A postdoctoral fellow from the UH Cullen College’s department of biomedical engineering was recently awarded a Career Starter grant from the Knights Templar Eye Foundation. Rahel Zulliger received the $65,000 award to continue her research aimed at giving the gift of sight to young children with vision loss caused by inherited diseases and disorders.

Zulliger, who works closely with biomedical engineering professor Muna Naash, is dedicated to improving treatments for children who experience loss of vision due to deterioration of the cells in their retinas. Several gene mutations have been linked to early onset retinal deterioration, and many researchers are currently seeking innovative treatments targeting these genes.

Gene therapy – a procedure in which a patient’s cells are genetically modified in order to correct an inherited disease or disorder – has shown promising results in the treatment of many inherited eye diseases. After researchers have identified the gene mutation responsible for the loss of vision, they clone a healthy version of the problem gene and load it into a vehicle called a vector. The vector then travels to the retinal cells and delivers the therapeutic genetic material into the cell’s nucleus. Once there, the healthy genetic material is integrated into the cell’s DNA, thereby correcting the defective gene.

Zulliger is looking specifically at non-viral vectors, which are made up of naked DNA and are less likely to cause negative immune responses in patients than viral vectors. Viral vectors employ viruses to ferry genetic material to defective or mutated gene.

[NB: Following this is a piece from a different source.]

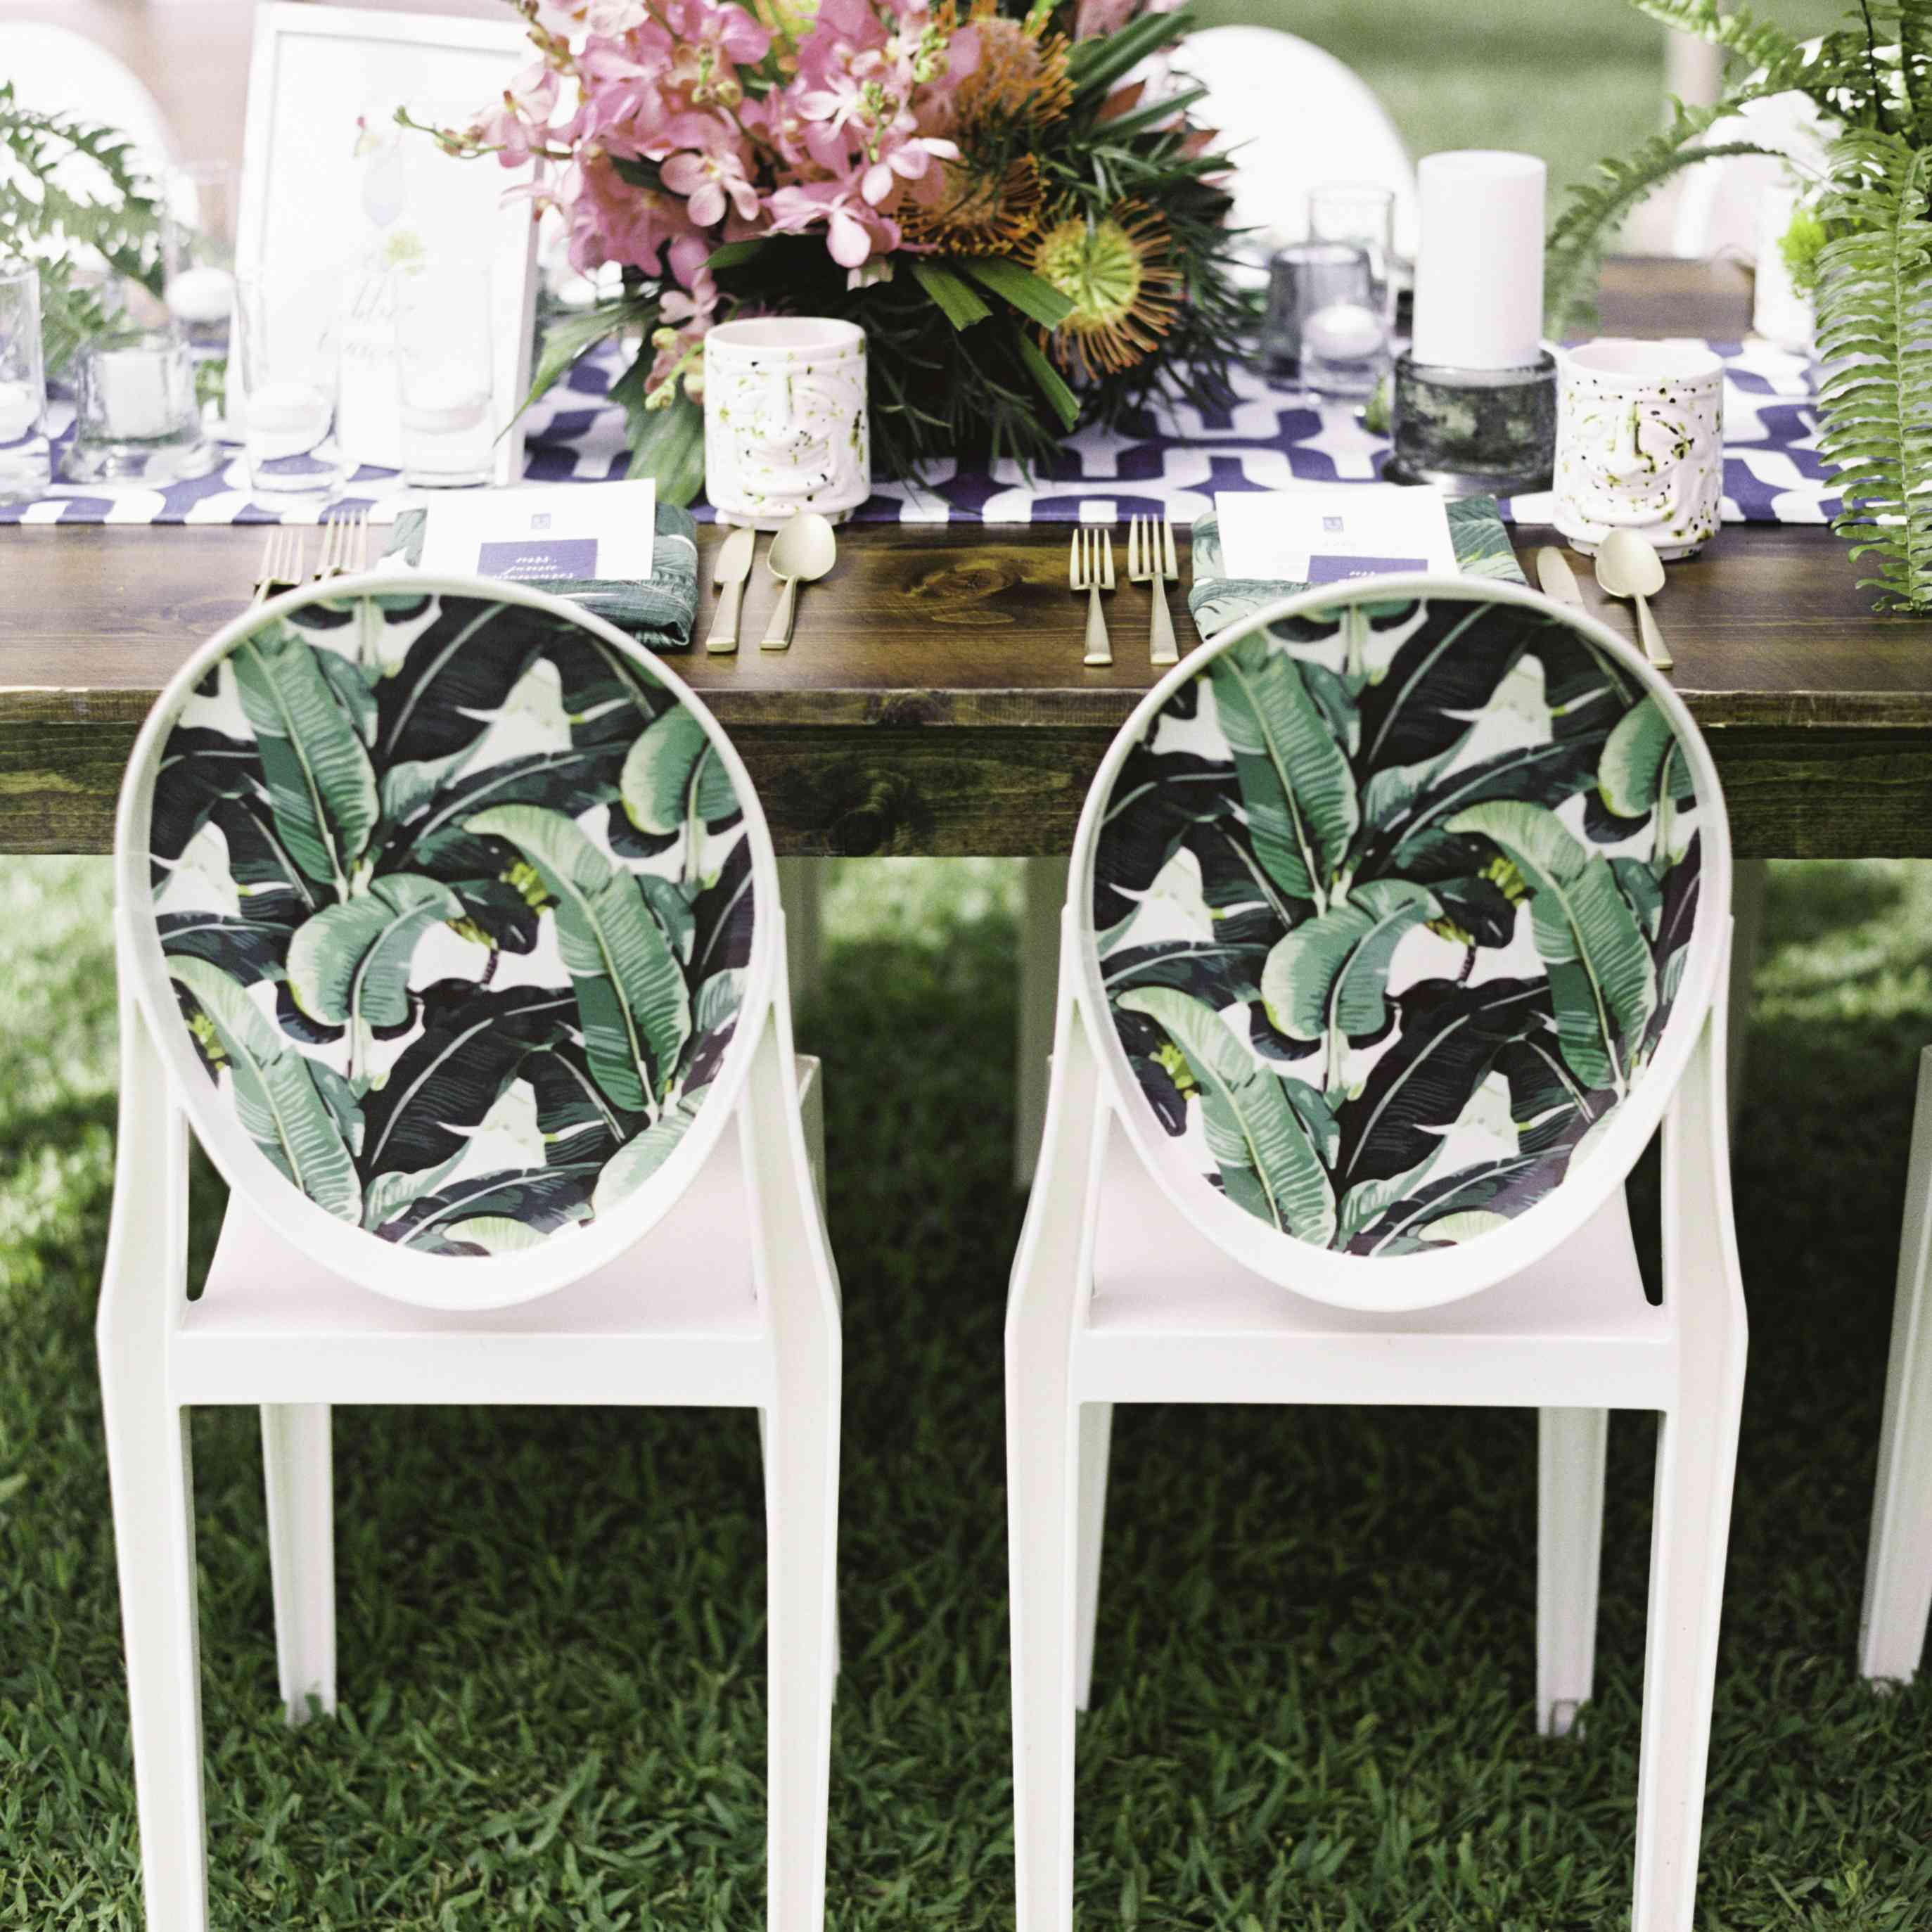 Palm-Print Chairs

With the addition of expression-enhancing DNA elements from different sources, Zulliger is trying to increase the protein expression to a level significant for the rescue of photoreceptor cells in the retina. Her project focuses on GC1, a retina-specific protein that is often affected in children with Leber’s congenital amaurosis (LCA), a disease characterized by rapid vision loss that can lead to complete blindness in the first decade of life.

“The improved gene therapy vectors will make a contribution to the growing field of gene therapy and hopefully lead into successful treatment of the affected patients,” Zulliger said.

The Knights Templar Eye Foundation provides support for research and education for vision loss, especially in children and young adolescents. The Career Starter grant is designed to help young scientists to develop their research independently.